Welcome to AT!!  Good to see another Minnesotan


----------



## rollingstonebow (Feb 7, 2010)

*Rollingstonebow*

Thank You


----------



## Mark455 (Jan 23, 2009)

Welcome! You'll like this site.


----------



## pinski79 (Jan 23, 2010)

Your brother in law must be pretty awesome


----------



## HighFive22 (Jan 7, 2009)

buckchaser86 said:


> Welcome to AT!!  Good to see another Minnesotan


For sure the more the better!!!
:welcomesign:


----------



## Crazy4Centaurs (Feb 8, 2010)

Rolling Stone Bow,
I too am new, wanna be friends ?? 
Crazy4Centaurs
North Carolina


----------



## Tim Roberts (Jul 13, 2002)

:wav: :yo: *G'day.*







to *Archery Talk* rollingstonebow.
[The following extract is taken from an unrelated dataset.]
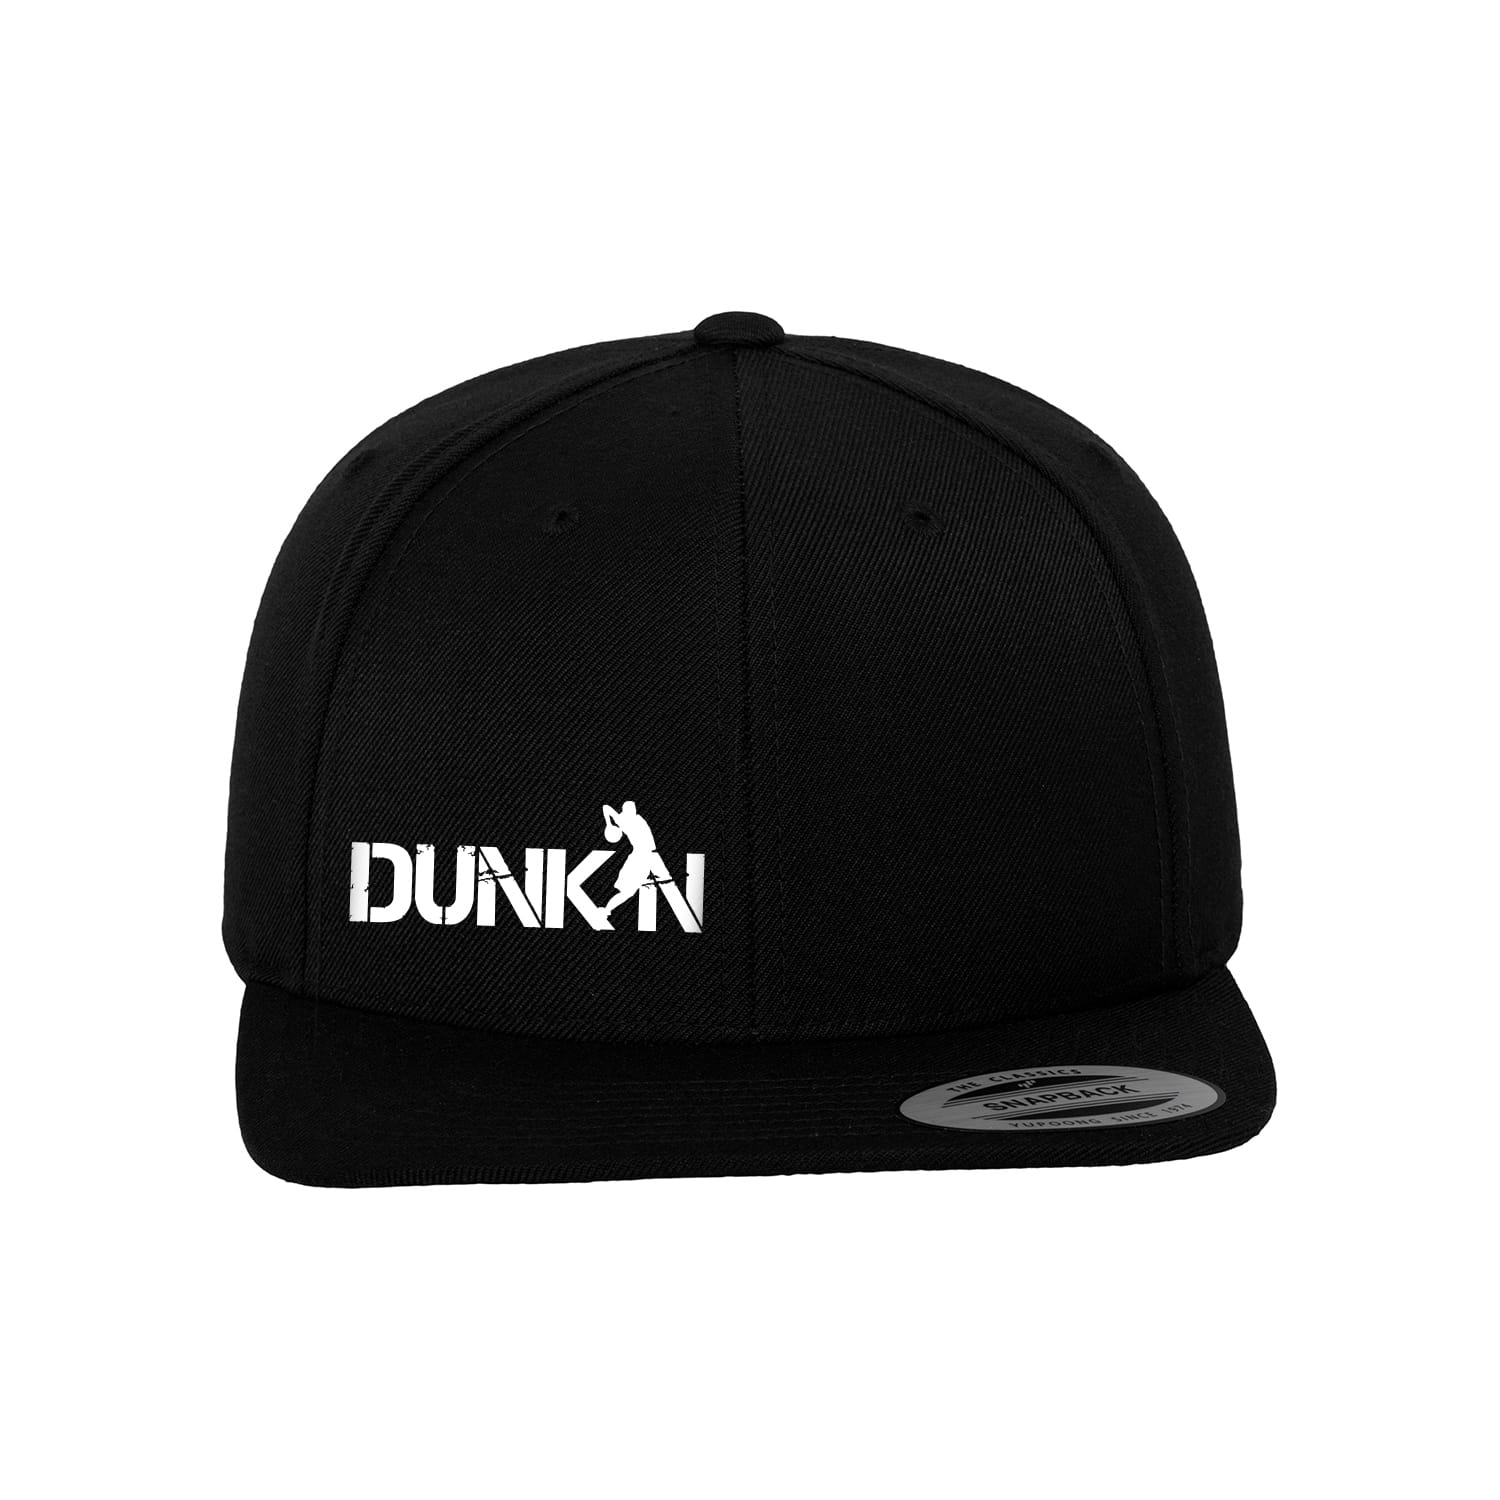 Cap "Dunkin"

Have fun here.


----------



## Dthbyhoyt (Dec 4, 2004)

:welcome: 2 ArcheryTalk


----------



## killerloop (Mar 16, 2008)

welcome fellow MinneSNOWton


----------



## rycountryboy (Feb 21, 2008)

:welcome: to AT


----------



## rollingstonebow (Feb 7, 2010)

*Nice welcome*

Thanks everyone for the welcome.


----------



## wicked1Joe (May 19, 2009)

:wav:
Welcome to AT


----------



## rdj-pencilart (Jun 22, 2006)

*welcome*

this is a great site.. and a lot of great people are visiting it every day


----------



## canoesota (Jun 18, 2010)

Welcome from Plymouth,MN


----------



## US_Tank (Jun 19, 2010)

Hey there! Fargo, ND here. Gotta love archery.


----------